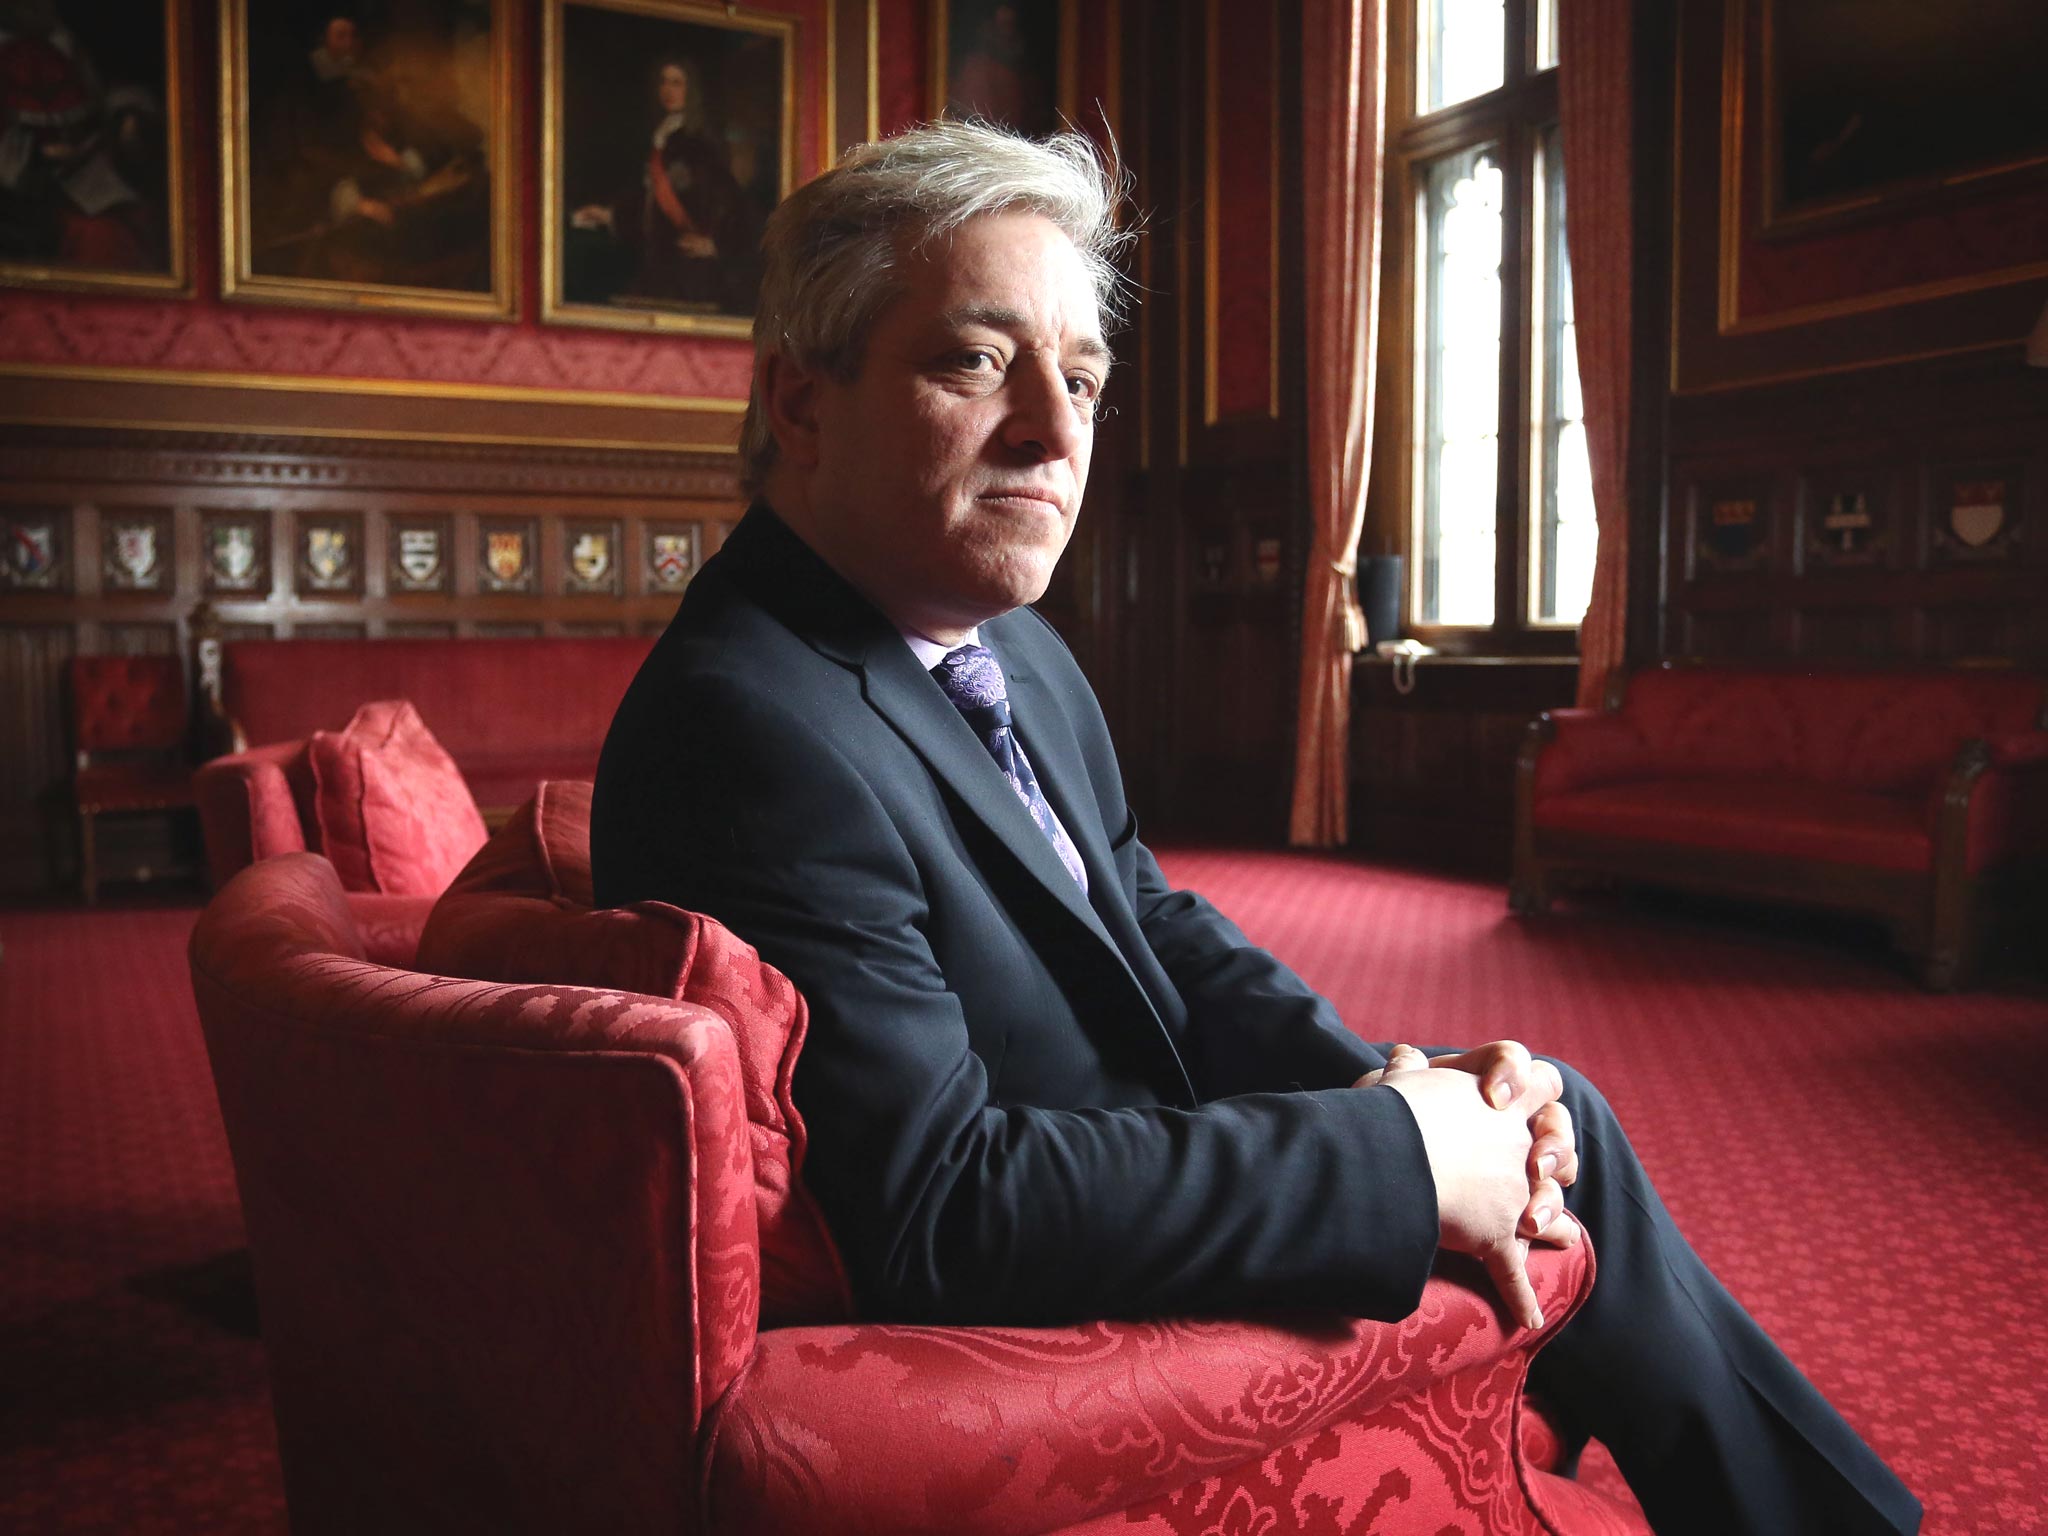 Commons Speaker John Bercow is calling for reform to PMQs
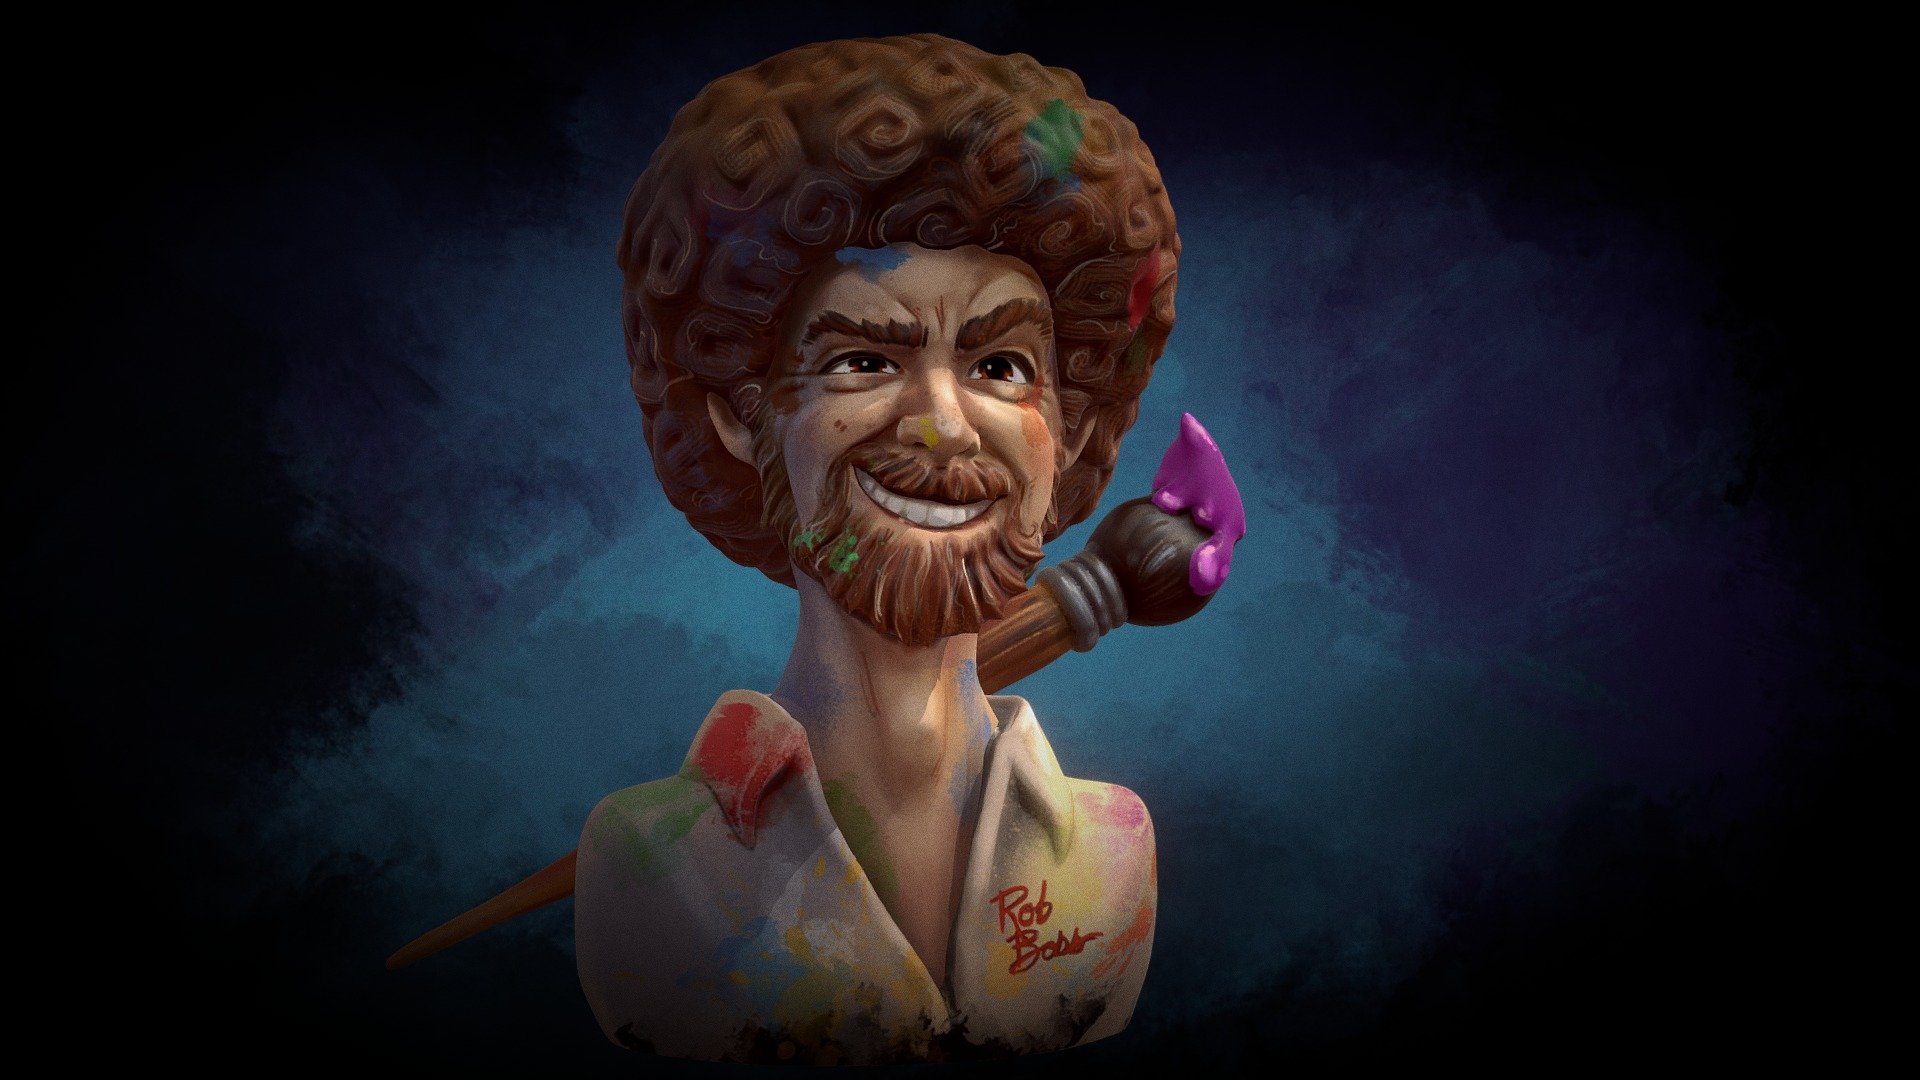 Bob Ross, the legend.
Hand-sculpted in Nomad and hand-painted in Procreate all on the iPad!  Feel free to download the model and give him a fresh coat of paint on your own!

Watch a speed walkthrough video of the creation process here:
https://youtu.be/IMRf65_iBUc - Rob Boss - 3D model by eric3dee 3d model
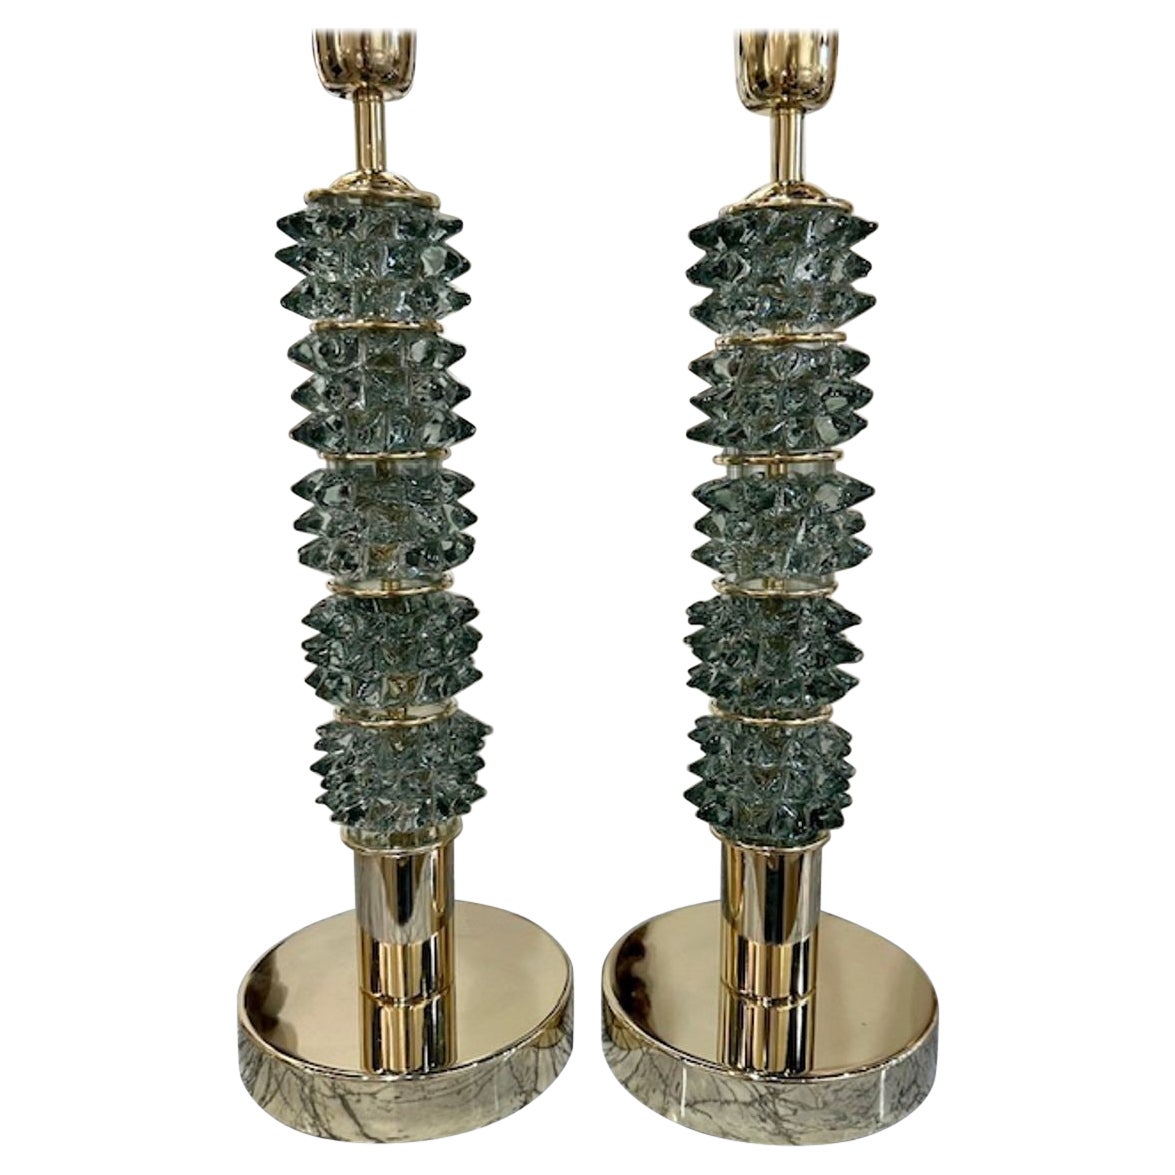 Pair of Modern Glass and Brass "Rostri" Lamps in Fontana Green
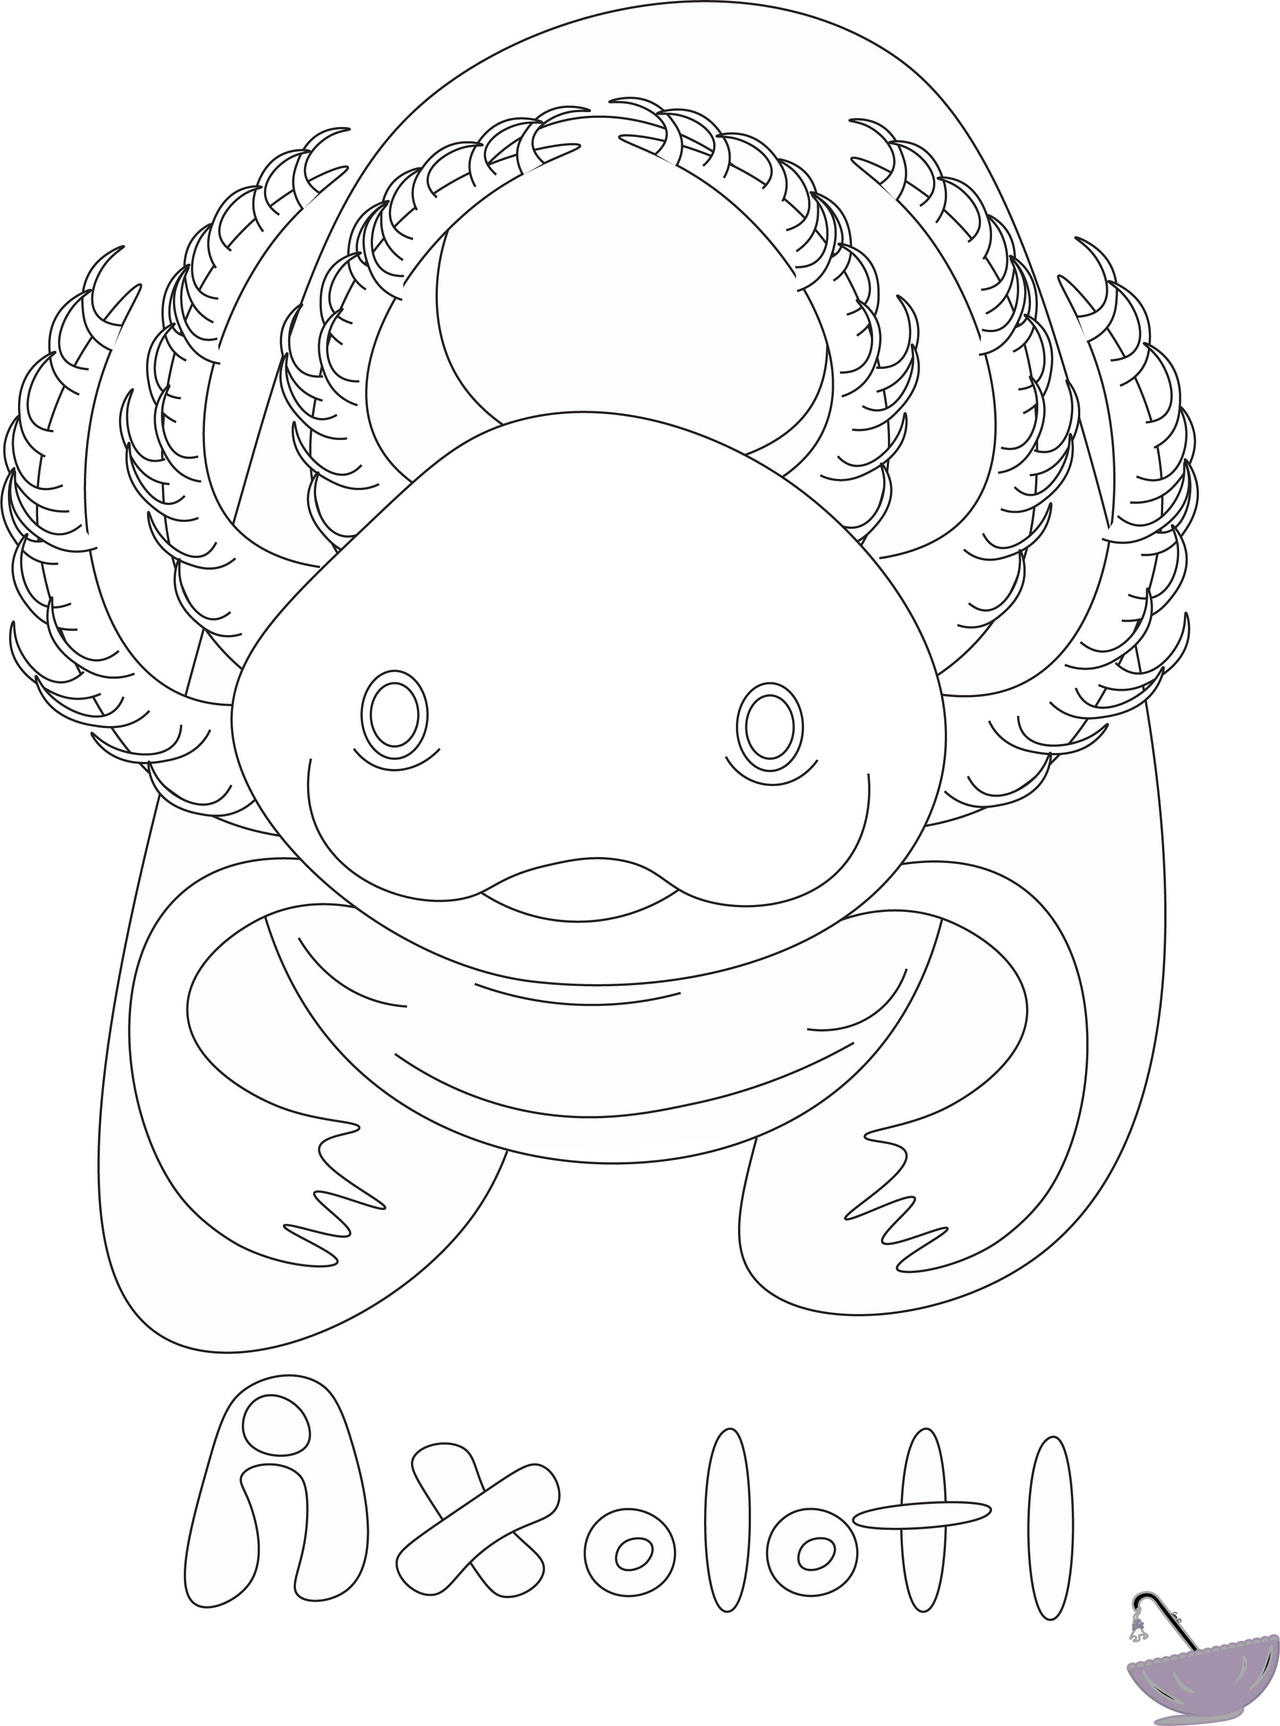 A Axolotl Coloring Page By Merlinmetal On Deviantart
════════════════
What needs to be done = Take every entry above and transcribe it exactly, with no pictures in the copy.

Expected output =
 Commons Speaker John Bercow is calling for reform to PMQs
 Bob Ross, the legend.
Hand-sculpted in Nomad and hand-painted in Procreate all on the iPad!  Feel free to download the model and give him a fresh coat of paint on your own!

Watch a speed walkthrough video of the creation process here:
https://youtu.be/IMRf65_iBUc - Rob Boss - 3D model by eric3dee 3d model
 Pair of Modern Glass and Brass "Rostri" Lamps in Fontana Green
 A Axolotl Coloring Page By Merlinmetal On Deviantart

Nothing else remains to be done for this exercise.